Hacker News new | ask | show | jobs
by programmarchy 1308 days ago
I’ve done a bit of PDF wrangling in Python, so figured I’d describe the lay of the land.

PyPDF [1] is great for reading and writing PDF files, especially dealing with pages, but it’s not great for generating paths, shapes, graphics, etc.

However, reportlab [2] has a great API for generating those things, but is lacking in the file IO and page management department. But the content streams it generates can be plugged into PyPDF pretty easily.

Finally, there’s pdfplumber which does an amazing job of parsing tabular data from PDF structures, and pytesseract which can perform OCR on PDFs that are actually just image data rather than structured data.

There’s not really a one-stop-shop for PDFs, but some pretty good tools that can be combined to get the job done.

Will be curious to see how this project develops!

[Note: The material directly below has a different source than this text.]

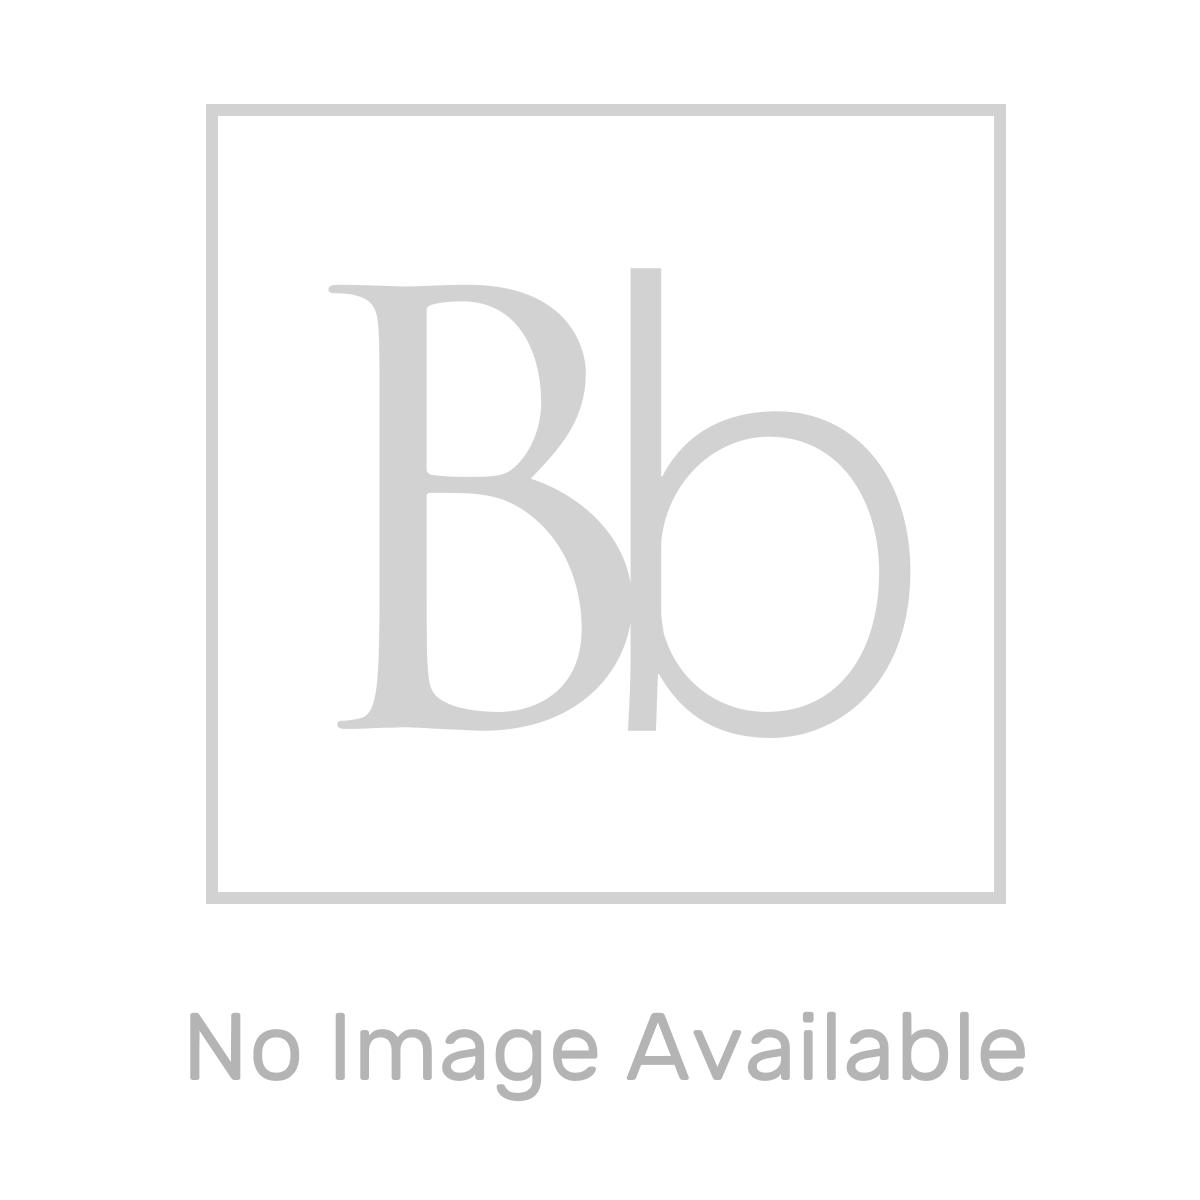 Premier High Gloss White Bathroom Mirror and Light 550mm

[1] https://pypi.org/project/PyPDF2/

[2] https://pypi.org/project/reportlab/

2 comments

QPDF is a good C++ library for "content preserving" PDF transformations, and is used by the Python PikePDF library.
I've found out the hard way that boxing/unboxing of PDF primitives to Python is _really_ expensive, so that my workflow has been counter-intuitively quite a lot slower than with PyPDF2.
I had the same experience. Thanks for the summary. Need to read that the next time.